Member of the Canadian Parliament for Niagara Falls
- In office October 30, 1972 – July 8, 1974
- Preceded by: Joe Greene
- Succeeded by: Roger Young

Personal details
- Born: Joseph Fred Hueglin February 7, 1937 Stratford, Ontario, Canada
- Died: July 5, 2022 (aged 85) Burlington, Ontario, Canada
- Party: Progressive Canadian (2003–2019)
- Other political affiliations: Progressive Conservative (1972–2003)
- Profession: Teacher

= Joe Hueglin =

Canadian politician (1937–2022)

Joseph Fred Hueglin (February 7, 1937 – July 5, 2022) was a Canadian politician who was a member of Parliament and a founder of the Progressive Canadian Party.

Born in Stratford, Ontario, Hueglin was elected to Parliament in 1972 in the riding of Niagara Falls as a member of the Progressive Conservative Party of Canada (PC). In 1974 Hueglin was defeated by the Liberal candidate.

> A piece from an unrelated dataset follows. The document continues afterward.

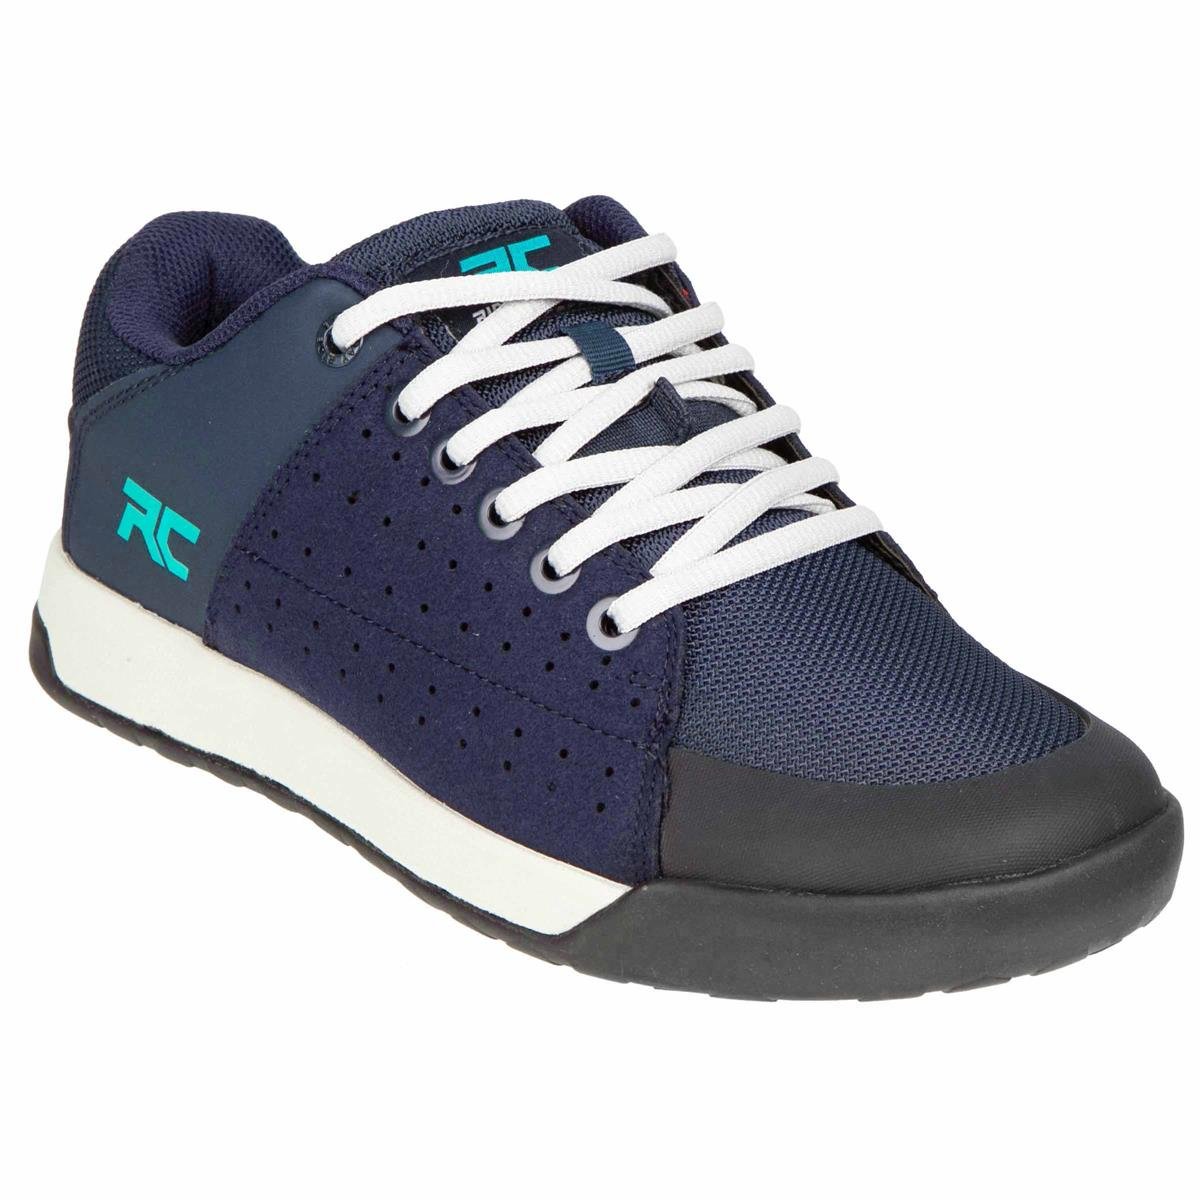 Ride Concepts Girls Bike Shoes Livewire Navy/Teal

Within the Progressive Conservative Party, Hueglin was, along with David Orchard, among the most vocal opponents of the 2003 merger of Canada's two prominent right-wing parties, the Progressive Conservatives and the Canadian Alliance, into the Conservative Party of Canada. He expressed discomfort over the way the merger took place - which involved PC leader Peter MacKay breaking an anti-merger promise he had made while campaigning to be the party leader. Hueglin also expressed discomfort over the "neoconservative" aspects of Alliance policy, which he feared might dominate the policies of the new party.

In 2004, Hueglin became a lead organizer for the Progressive Canadian Party, which he described as a centrist party.